(MATERIAL PROVIDED begins)
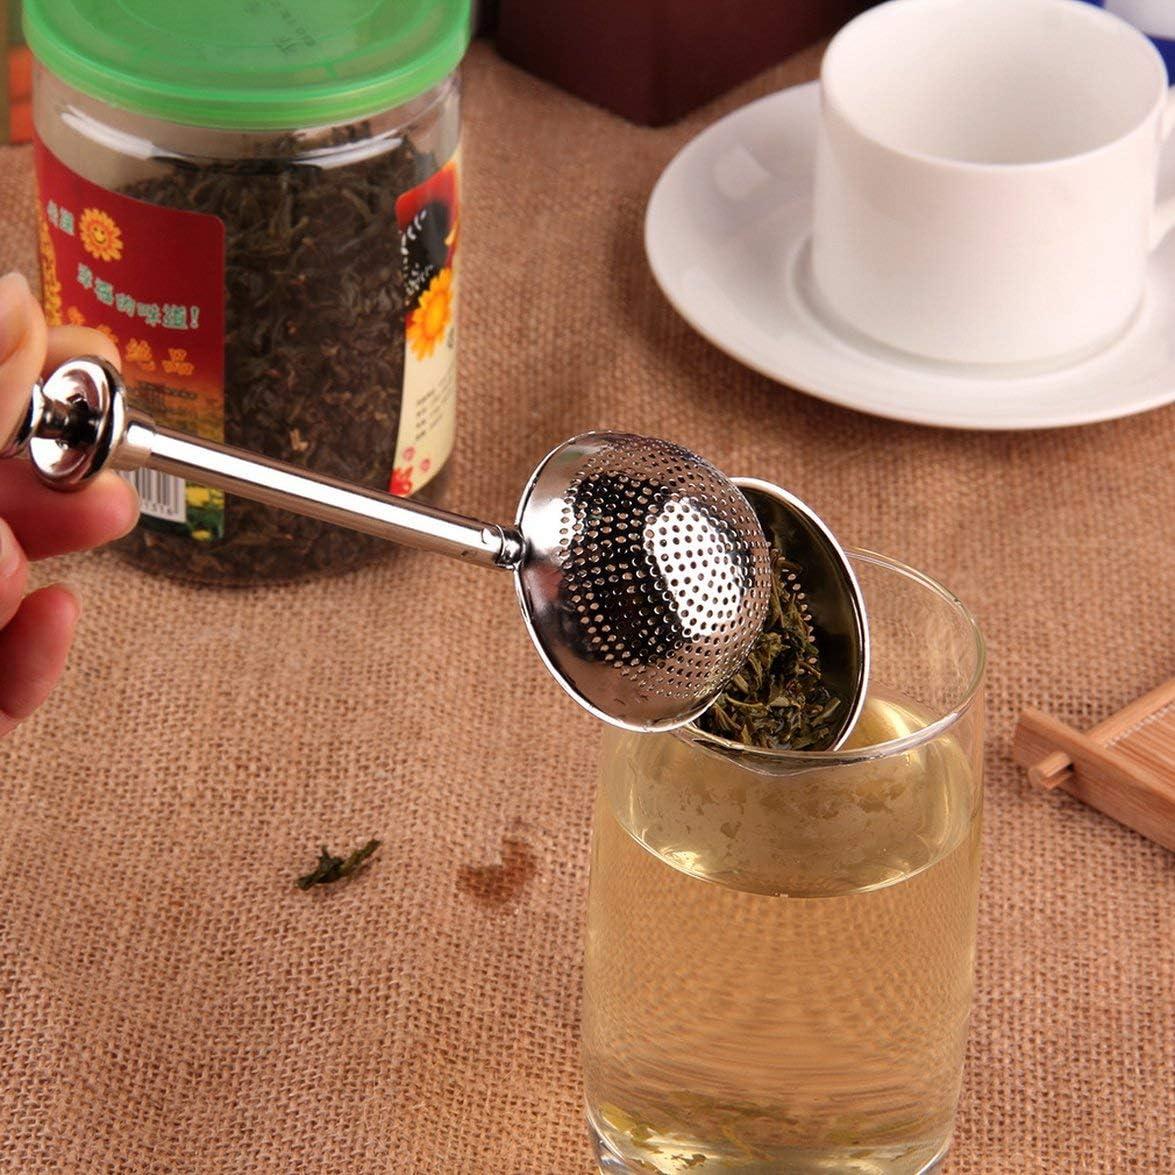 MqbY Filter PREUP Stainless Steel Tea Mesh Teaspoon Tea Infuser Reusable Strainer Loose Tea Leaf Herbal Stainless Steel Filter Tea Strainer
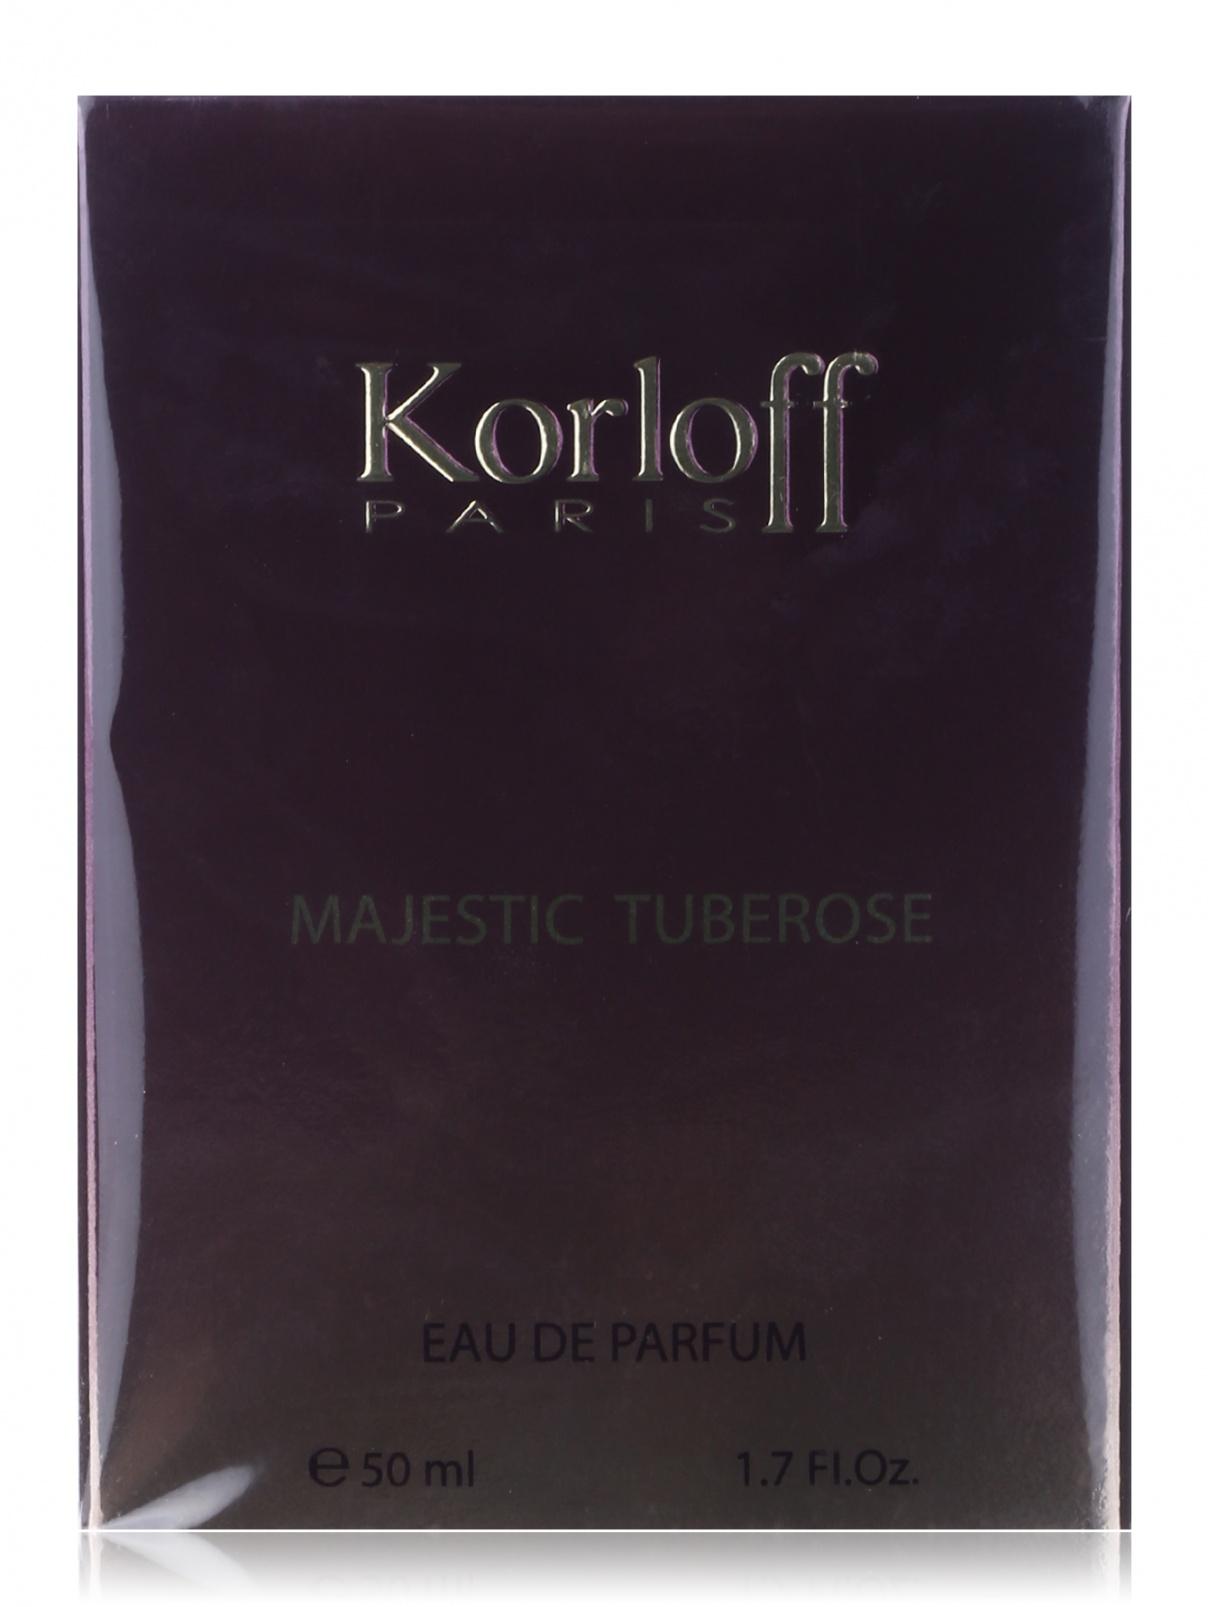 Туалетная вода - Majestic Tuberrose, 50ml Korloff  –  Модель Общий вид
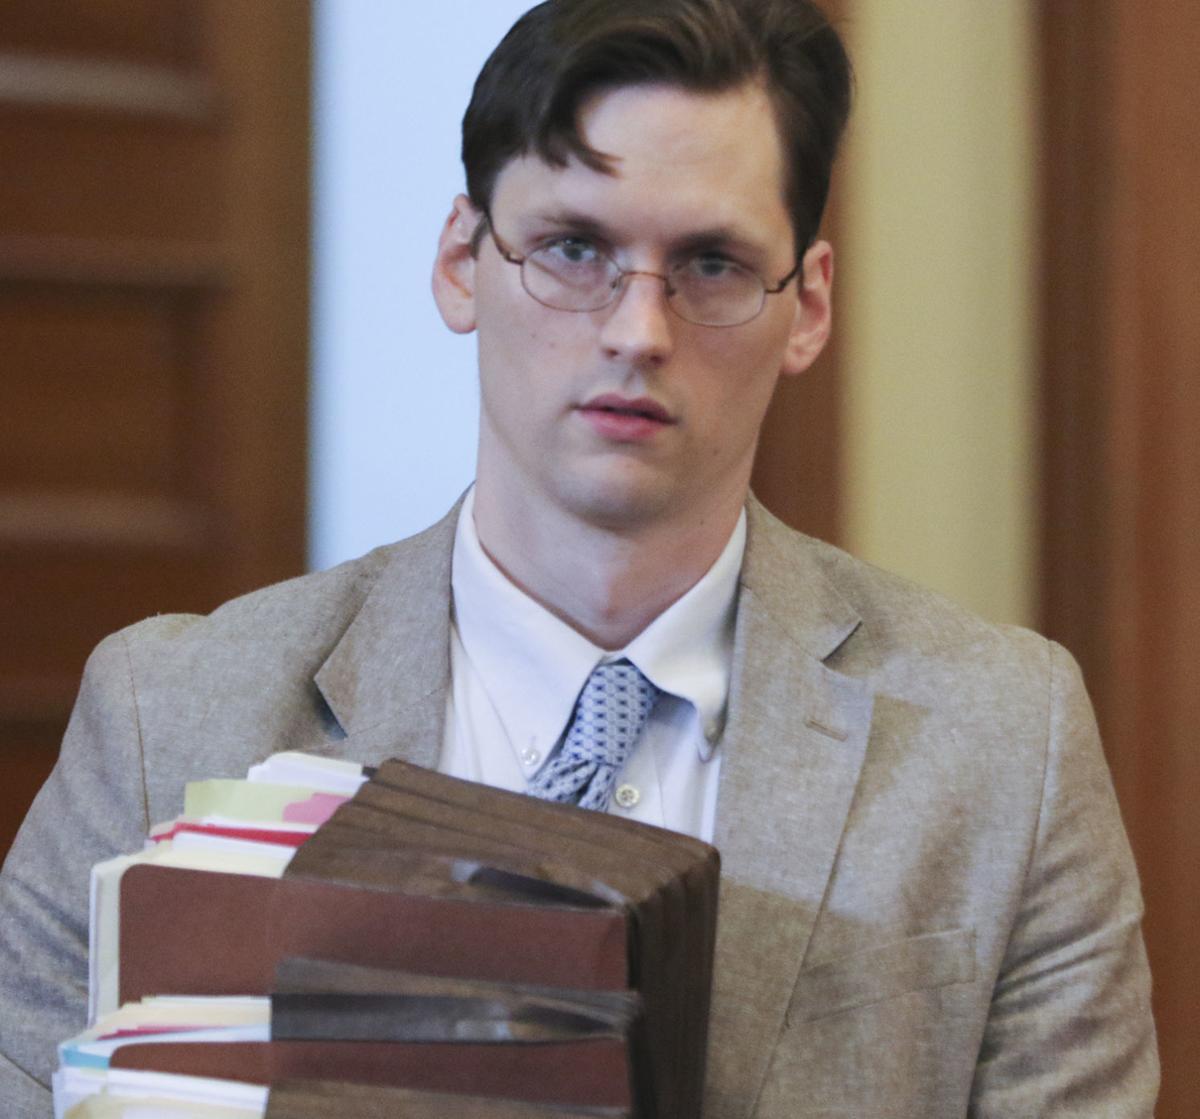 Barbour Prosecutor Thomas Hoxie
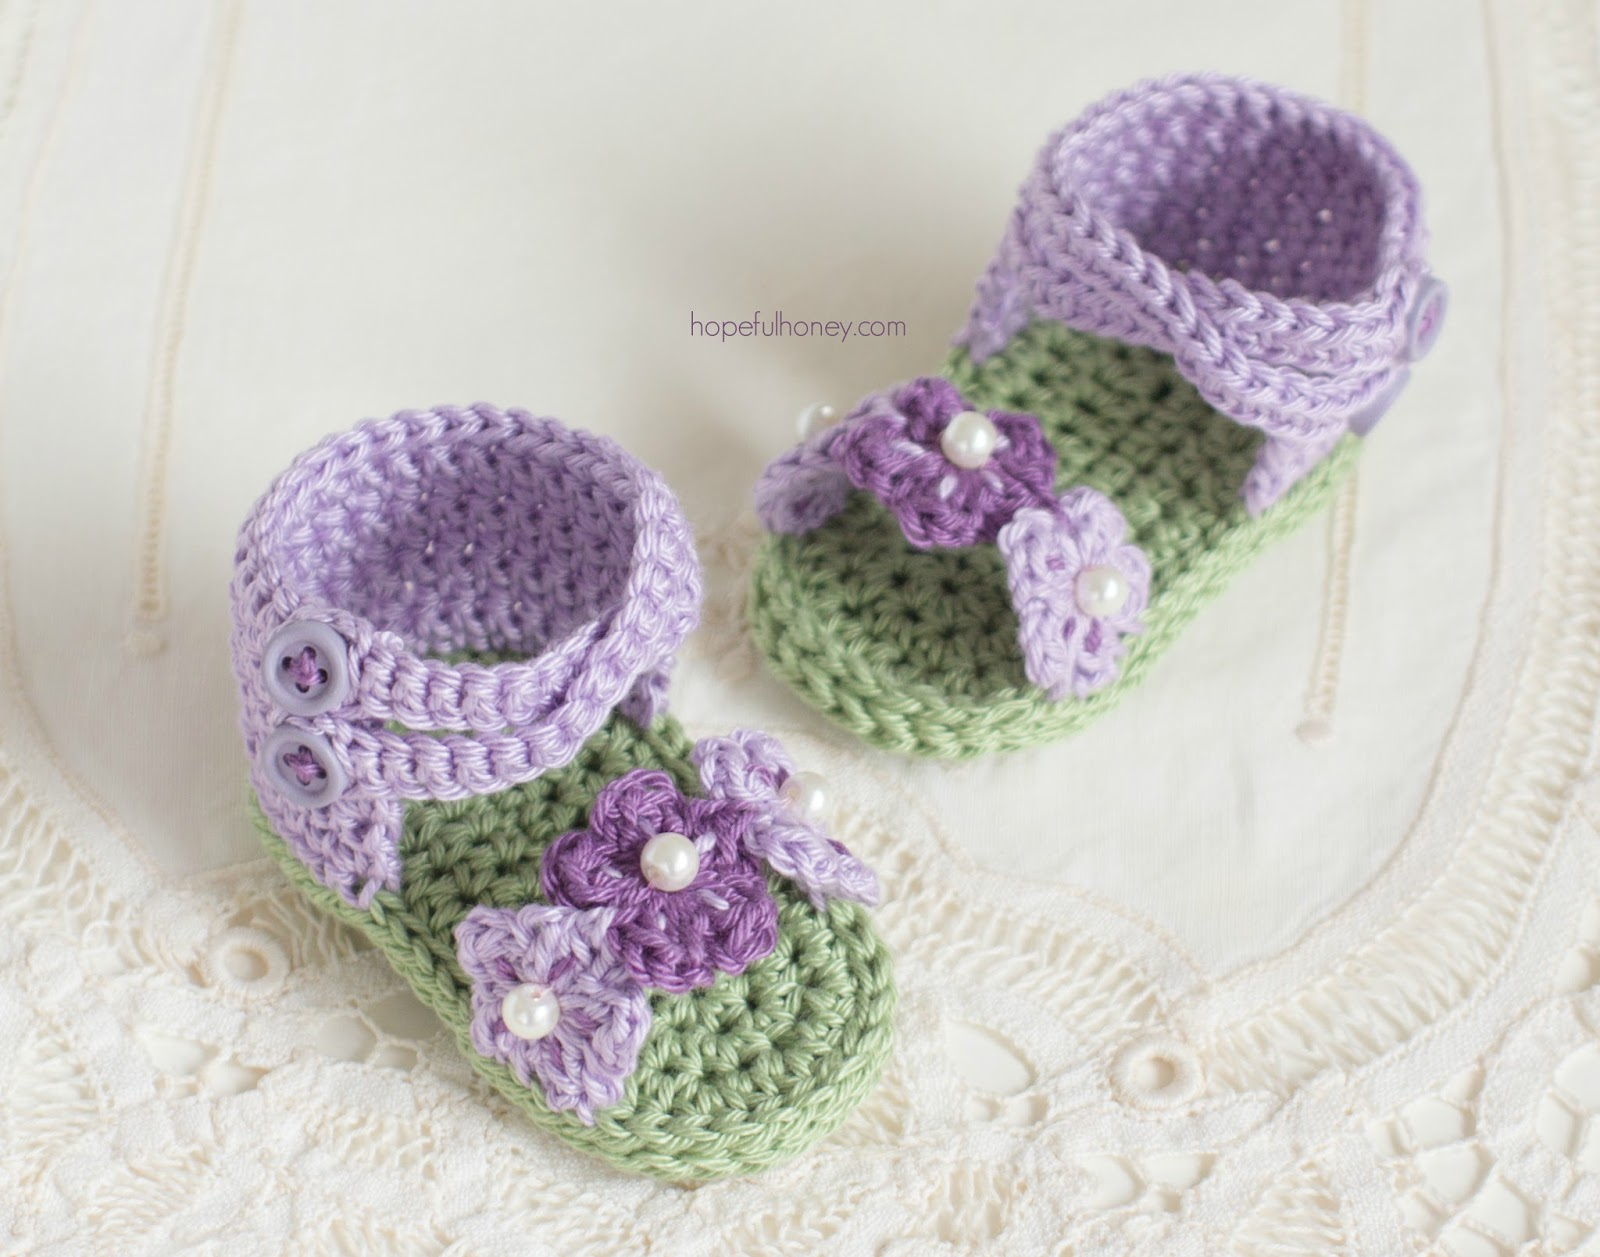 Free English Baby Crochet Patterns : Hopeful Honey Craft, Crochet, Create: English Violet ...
(MATERIAL PROVIDED ends)
▶ _TASK TO COMPLETE_:
If pictures appear in the data, do not print them; repeat the rest exactly.

▶ _ANSWER TO THIS EXERCISE_:
 MqbY Filter PREUP Stainless Steel Tea Mesh Teaspoon Tea Infuser Reusable Strainer Loose Tea Leaf Herbal Stainless Steel Filter Tea Strainer
 Туалетная вода - Majestic Tuberrose, 50ml Korloff  –  Модель Общий вид
 Barbour Prosecutor Thomas Hoxie
 Free English Baby Crochet Patterns : Hopeful Honey Craft, Crochet, Create: English Violet ...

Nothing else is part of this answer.